THE PROBLEM
The complete listing goes into the output exactly, without its pictures.

------ INPUT DATA ------

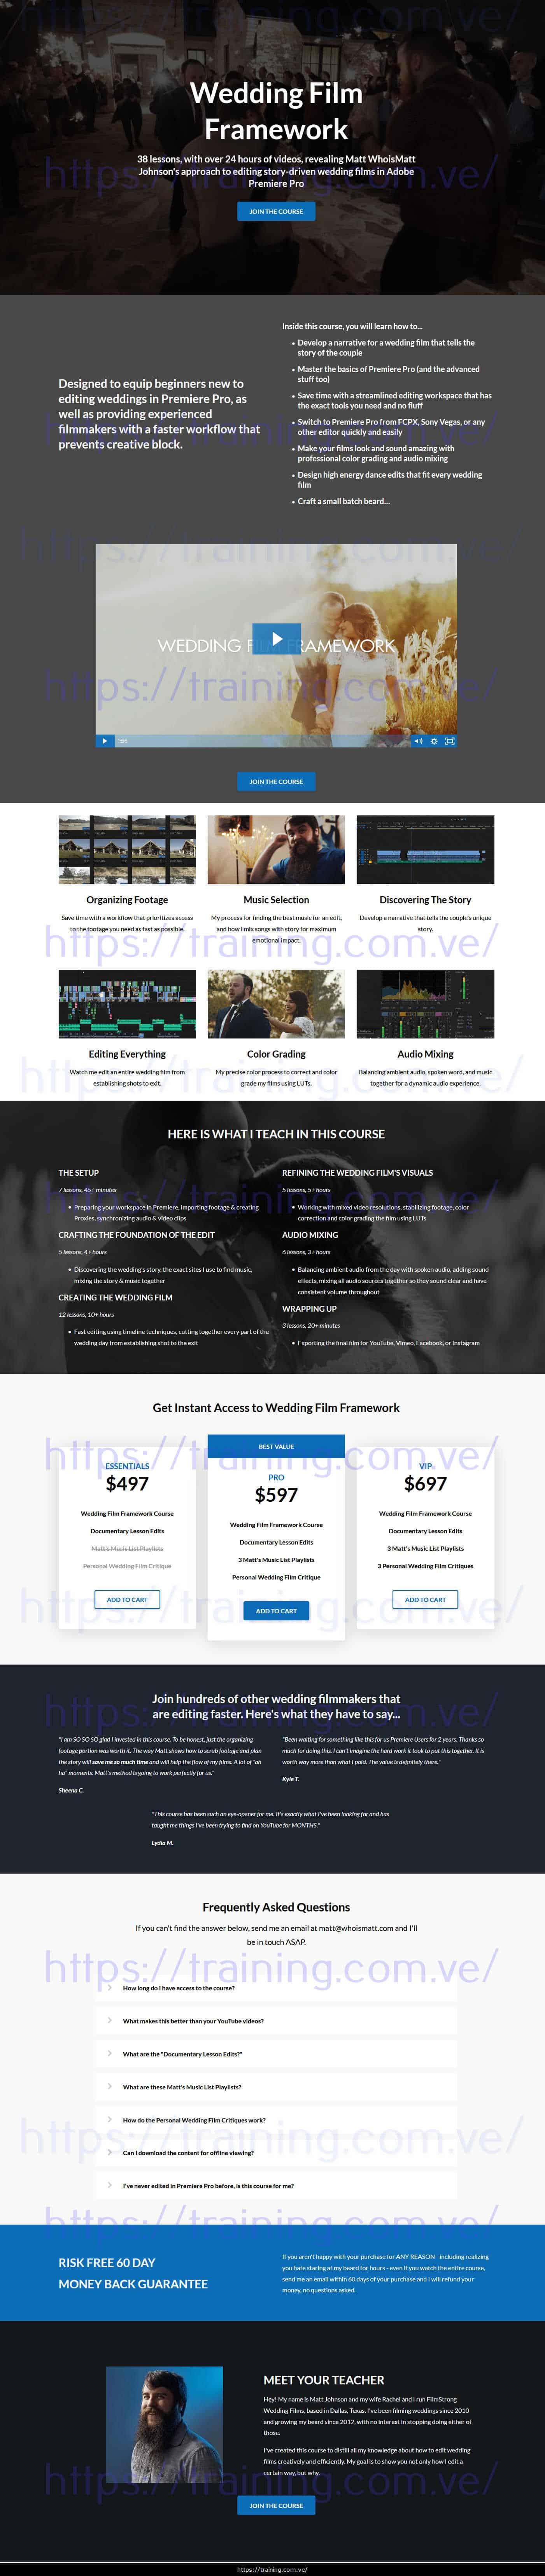 Wedding Film Framework by Matt Johnson sales page
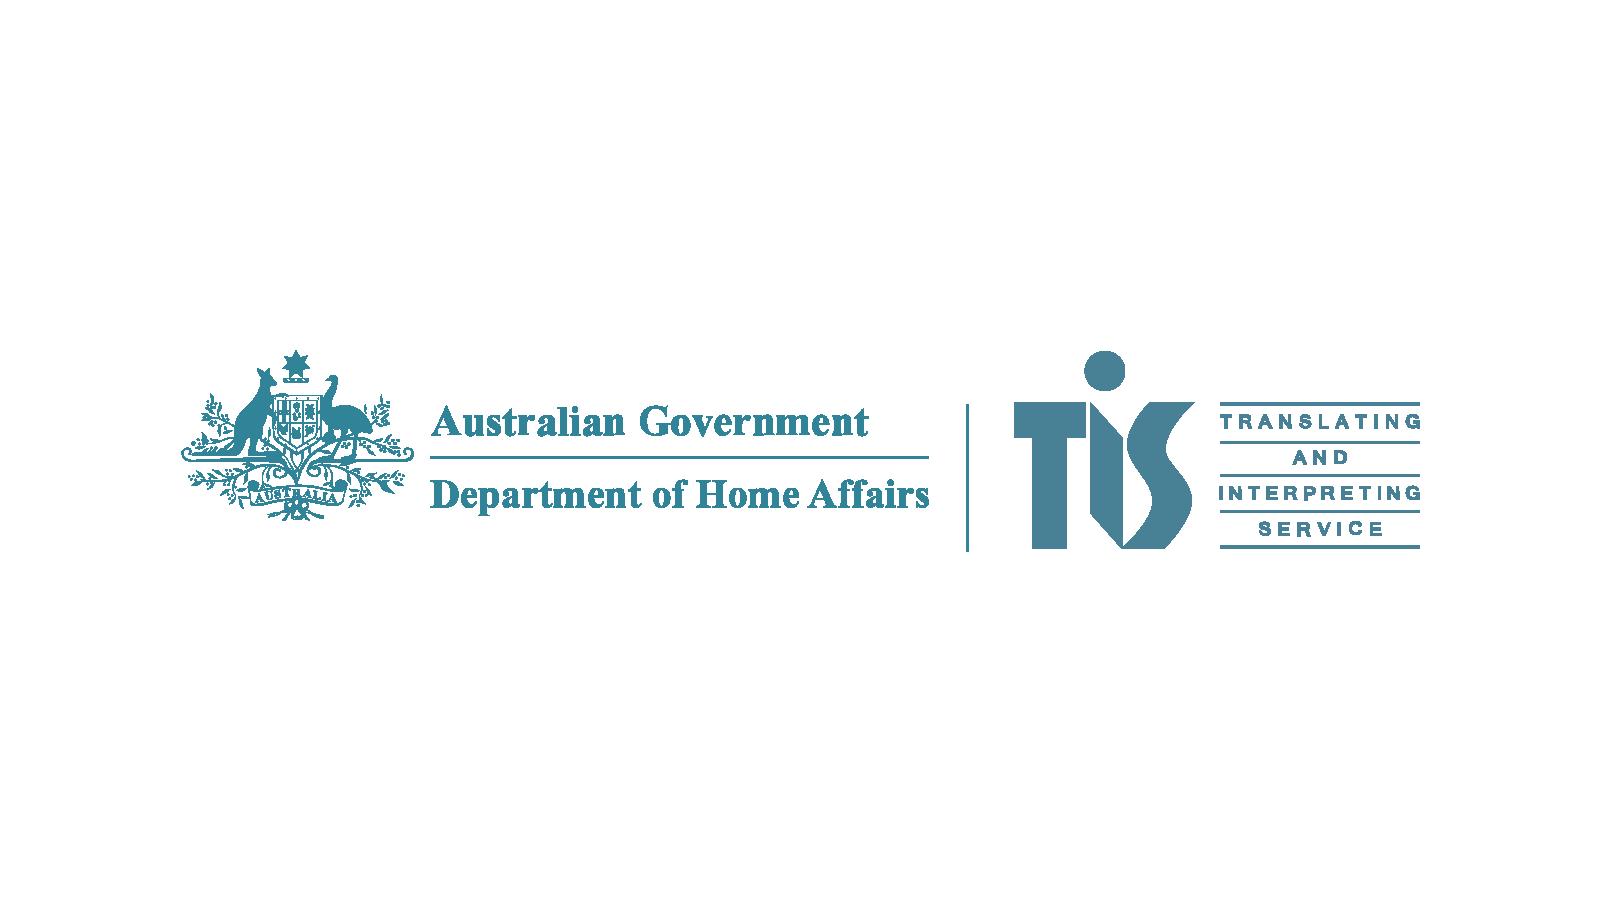 The Translating and Interpreting Service (TIS National) Logo
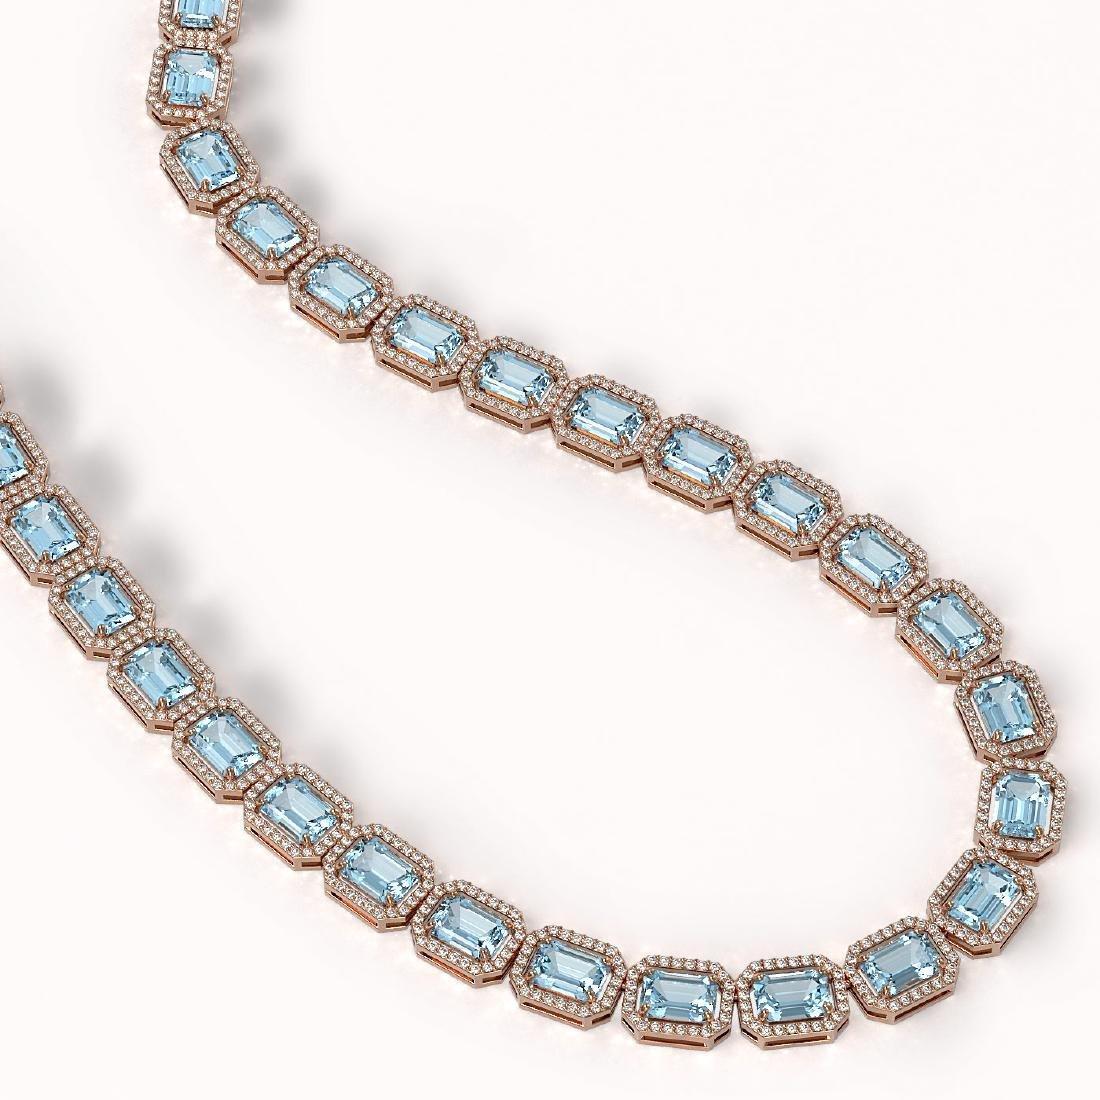 54.79 CTW Aquamarine & Diamond Halo Necklace 10K Rose - 2
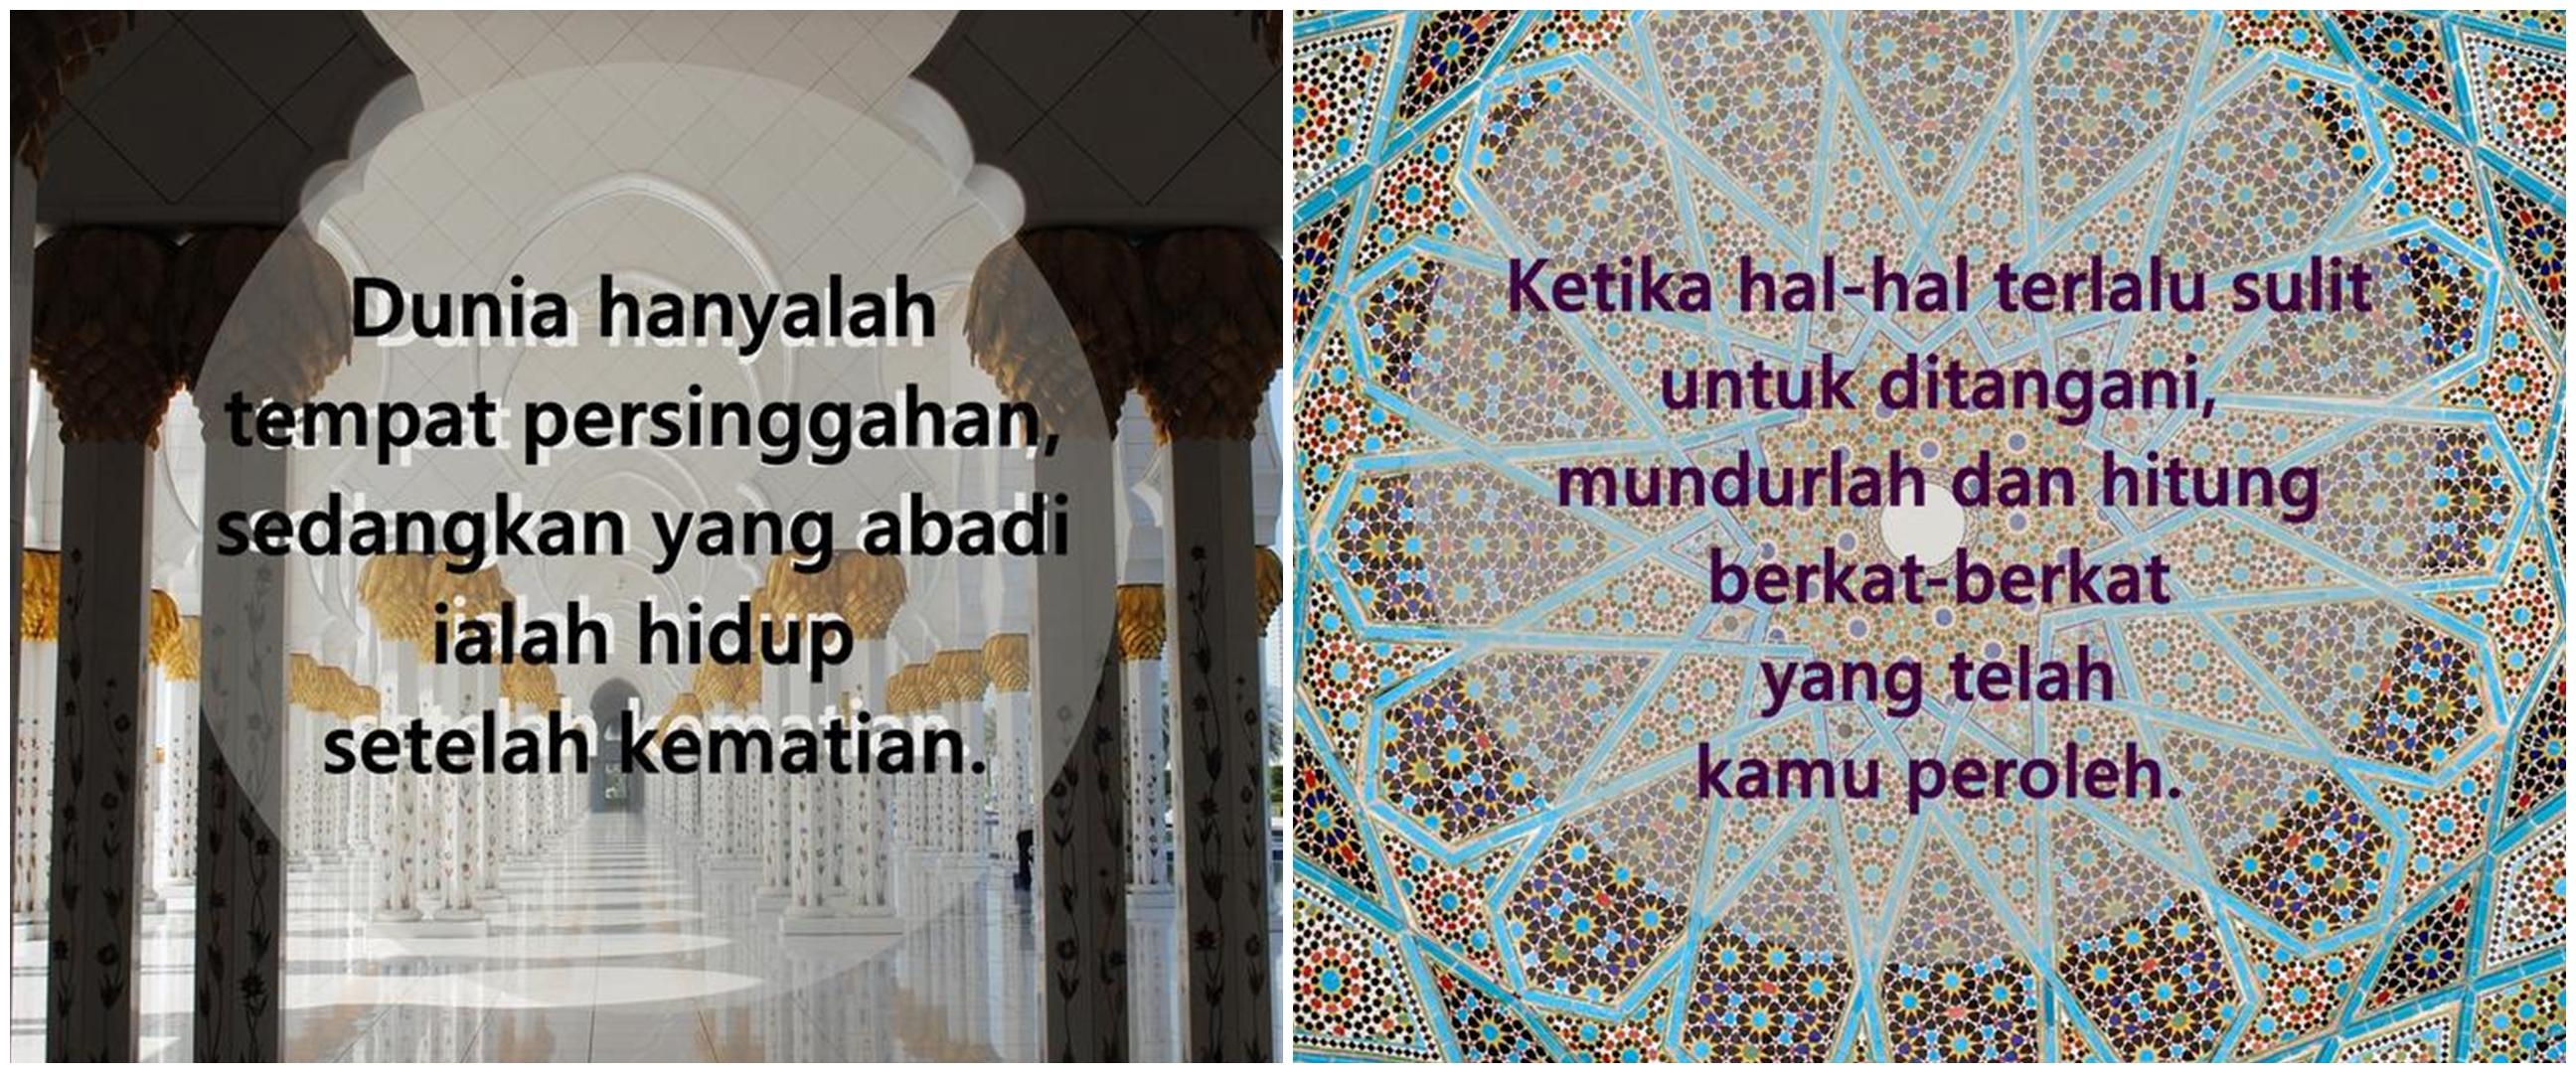 40 Kata-kata bijak islami kehidupan, inspiratif dan menyentuh hati

------

THE COMPLETED TASK
 Wedding Film Framework by Matt Johnson sales page
 The Translating and Interpreting Service (TIS National) Logo
 54.79 CTW Aquamarine & Diamond Halo Necklace 10K Rose - 2
 40 Kata-kata bijak islami kehidupan, inspiratif dan menyentuh hati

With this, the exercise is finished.